К книге
Звонок на рассветеСтраница 2
15%
Страница 2
2

Не знал, понятия не имел жизнерадостный Кукарелов о неосознанной мечте Почечуева — из жизни вялой, затхлой вырваться в жизнь, не ограниченную временем и пространством, в измерения, неощутимые прежде, необъятные, невероятные...

И получается, будто заурядного человечишку сопровождали по жизни некие замечательные странности, содержались в нем некие аномалии невыясненных запасов энергии. А Кукарелов его веревочкой дразнил. Нет, не потемки чужая душа, чужая душа — сфинкс, звезда неоткрытая, туманность непотревоженная. Знай Кукарелов Почечуева несколько основательнее, разве ж представился б он Ивану Лукичу с вызовом: «Артист императорских театров!» Никогда бы не позволил себе так созорничать.

А Почечуев грустно так передразнил Кукарелова: «Арцысты... Одне арцысты кругом. А где же люди?»

II

Пообщавшись посредством шлямбура со стеной, Почечуев закипятил воду, нагрел над паром фарфоровый заварник, проворно насухо вытер нутро чайника, с превеликой осторожностью отмерил две малые ложечки чайной смеси, брызнул туда кипятком, не удержался, понюхал пар... Затем долил до полного и тщательно укутал посудину полотенцем.

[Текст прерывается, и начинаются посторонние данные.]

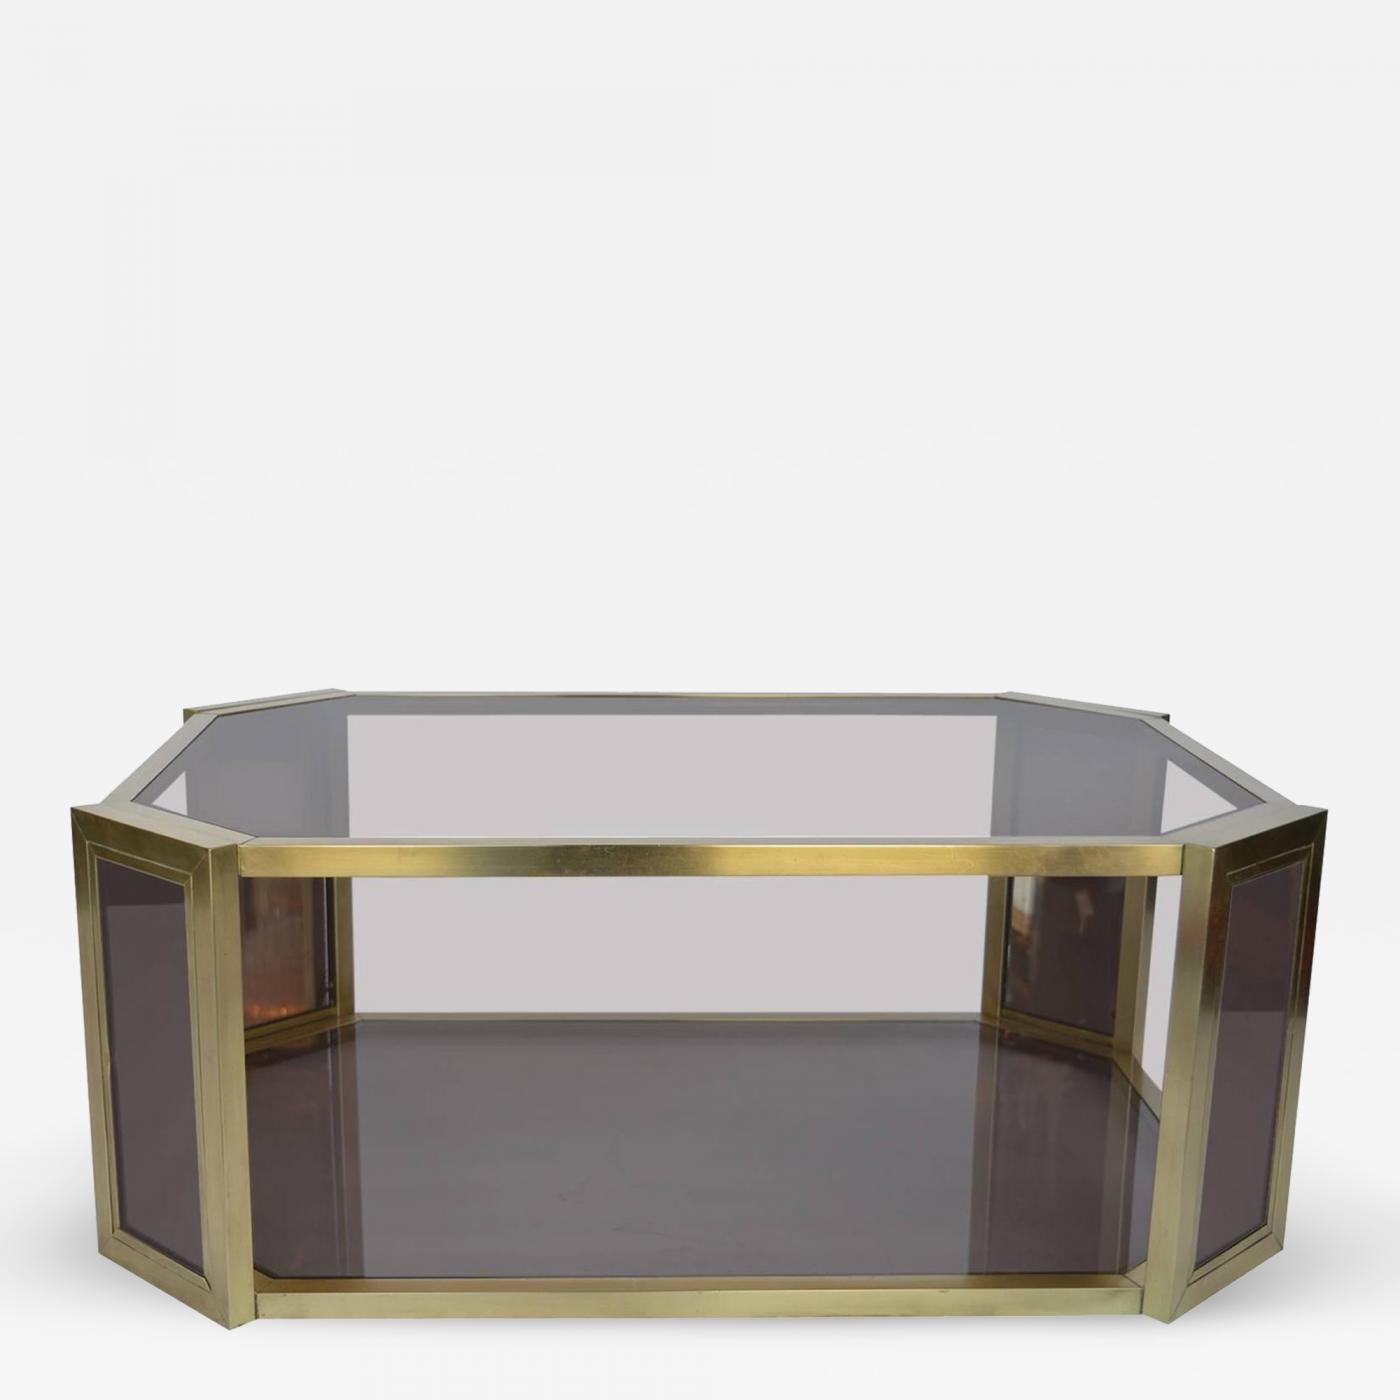 Genial Listings / Furniture / Tables / Center Tables · Karl Springer Brass  Mirrored Karl Springer Coffee Table

И вдруг вспомнил о вздутии на животе. Торопливо разделся до трусов, внимательно принялся рассматривать выпуклость.

Выше этажом «арцыст» Кукарелов яростно сдробил чечетку. Непродолжительно, зато уж — отчетливо.

«Вот, у лохматого гастролера небось никакой такой опухоли нет... Здоров, как лошадь. Ногами дребезжит, жизнерадостный какой. А тут, смотри-ка, недуги какие вышли, напасть какая... За что, господи? Ни одного рубля казенного не извел. Ни одного человека не убил, даже на войне. Потому как писарем в штабе всю дорогу... Ни одной женщины посторонней не соблазнил, не обидел. А то, что Маня ушла — тут женское разгильдяйство сказалось, неуравновешенность дамская.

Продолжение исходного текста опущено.